Living in New Zealand

i was sitting with my friends in a function at Crowne Plaza in downtown Auckland today, watching people dancing on the dance floor and a singer couple belting up the oldies and the atmosphere was very merry. however my mind started to wander and before i knew it a surge of pain strike my heart. Once again i am thinking about myself.

Sometimes i wonder whether to take up this scholarship was a right choice at all. I really thank God for the opportunity to come to new zealand to study and get to realised my anglo-madness. i have always wanted to be an european and to speak english and French. not to the extent of hating myself being born an Asian but i really hope that one day i can be a almost real european.
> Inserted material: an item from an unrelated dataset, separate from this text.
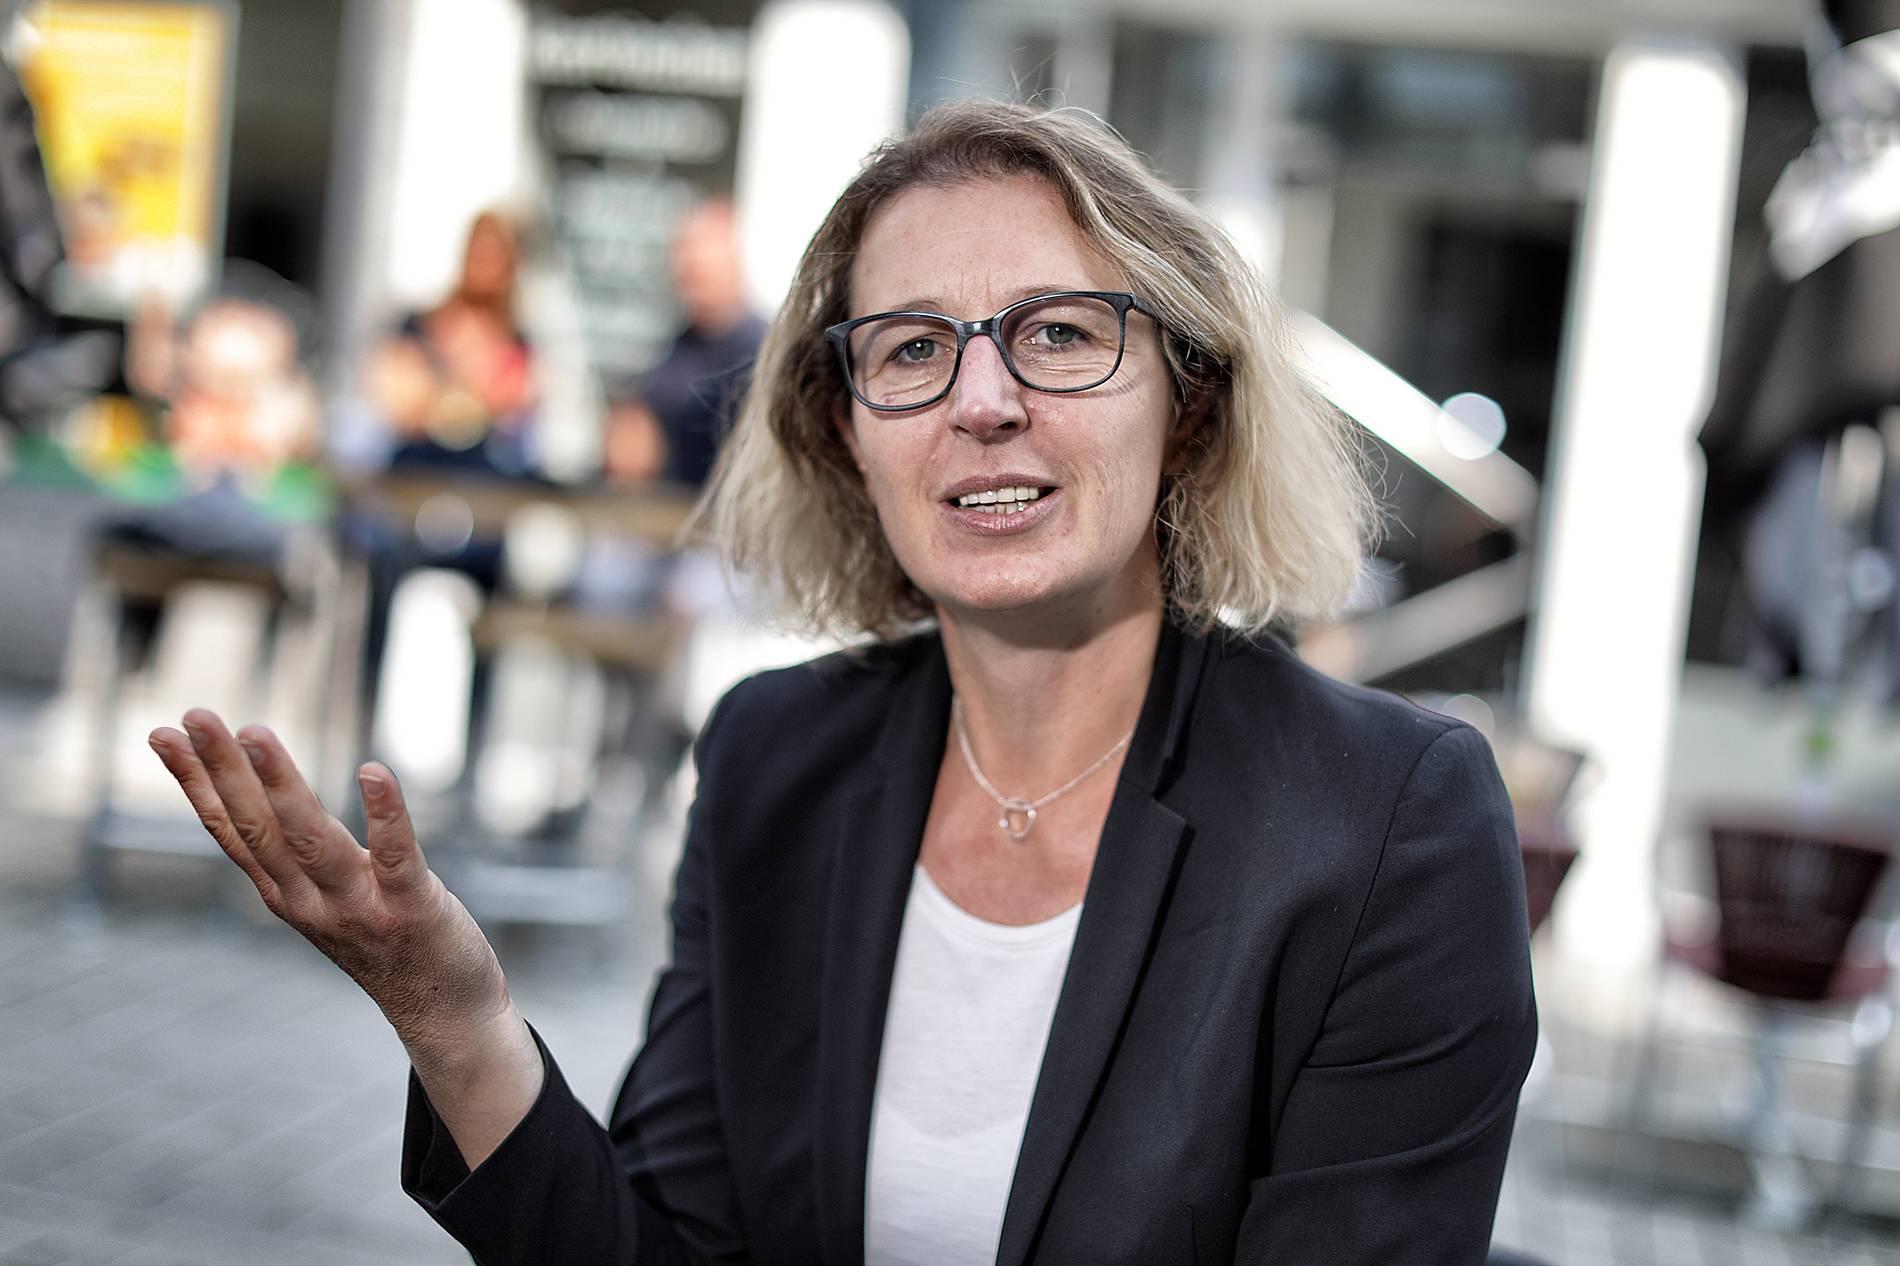 Laura Pietschmann

I wonder whether i will ever get the chance to further my studies abroad after doing my course in New Zealand. I dreamt of going to UK for my master and suprisingly, Canada for my Ph.D. then i hope of meeting some girl (maybe more like guy),preferably a French Canadian and then fall in love and get married. Gay marriage is legalised there and i can live there for the rest of my life. this all seem too far fetch and i cant even think about what will happen to me after i graduated and start working. In malaysia there is no way i could be able to be gay. one is that it is illegal to do so and secondly, there are people that i know from family members, friends and church. i cant imagine waht my godfather will think if he finds out that i am gay. in some way or another i am trapped and i will never have a chance to be what i really am. it pains me to think about all this, having to put up with a mask always in front of people, being a person that you want others to think of you. when would i ever get to be myself.

sometimes all these questions cause me to think how great it would be to live in NZ, i can be myself, nobody will really know me. i can be what i want to be. folks back home will never know too much about me.such a bliss.